Befetupitant

Clinical data
- ATC code: none;

Identifiers
- IUPAC name 2-[3,5-bis(trifluoromethyl)phenyl]-N,2-dimethyl-N-[4-(2-methylphenyl)-6-morpholin-4-ylpyridin-3-yl]propanamide;
- CAS Number: 290296-68-3;
- PubChem CID: 6450815;
- ChemSpider: 4953365;
- UNII: RSH7NDI7MI;
- CompTox Dashboard (EPA): DTXSID90183270 ;

Chemical and physical data
- Formula: C_{29}H_{29}F_{6}N_{3}O_{2}
- Molar mass: 565.560 g·mol^{−1}
- 3D model (JSmol): Interactive image;
- SMILES CC1=CC=CC=C1C2=CC(=NC=C2N(C)C(=O)C(C)(C)C3=CC(=CC(=C3)C(F)(F)F)C(F)(F)F)N4CCOCC4;
- InChI InChI=1S/C29H29F6N3O2/c1-18-7-5-6-8-22(18)23-16-25(38-9-11-40-12-10-38)36-17-24(23)37(4)26(39)27(2,3)19-13-20(28(30,31)32)15-21(14-19)29(33,34)35/h5-8,13-17H,9-12H2,1-4H3; Key:ZGNPLCMMVKCTHM-UHFFFAOYSA-N;

= Befetupitant =

Chemical compound

Befetupitant (Ro67-5930) is a drug developed by Hoffmann-La Roche which acts as a potent and selective antagonist for the NK_{1} receptor.
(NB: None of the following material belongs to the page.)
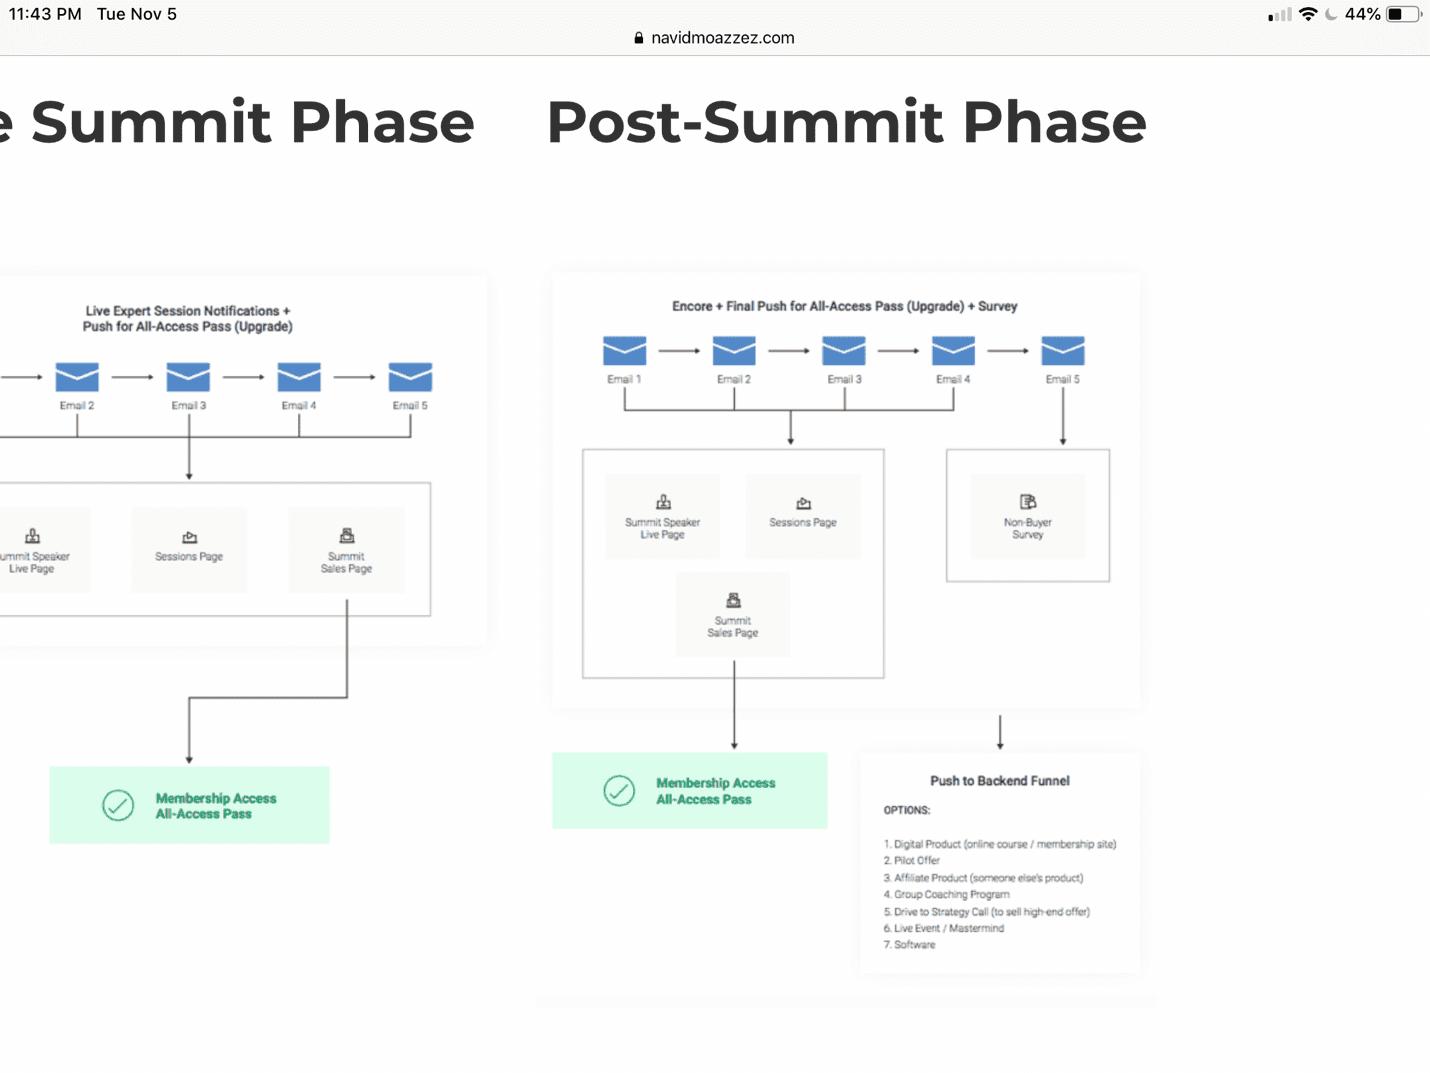 Post-Summit phase

It was originally developed as a potential antiemetic drug, though development was ultimately discontinued after a related drug netupitant was deemed to be more suitable for clinical development. Befetupitant has however continued to be researched for other possible applications such as treatment of corneal neovascularization.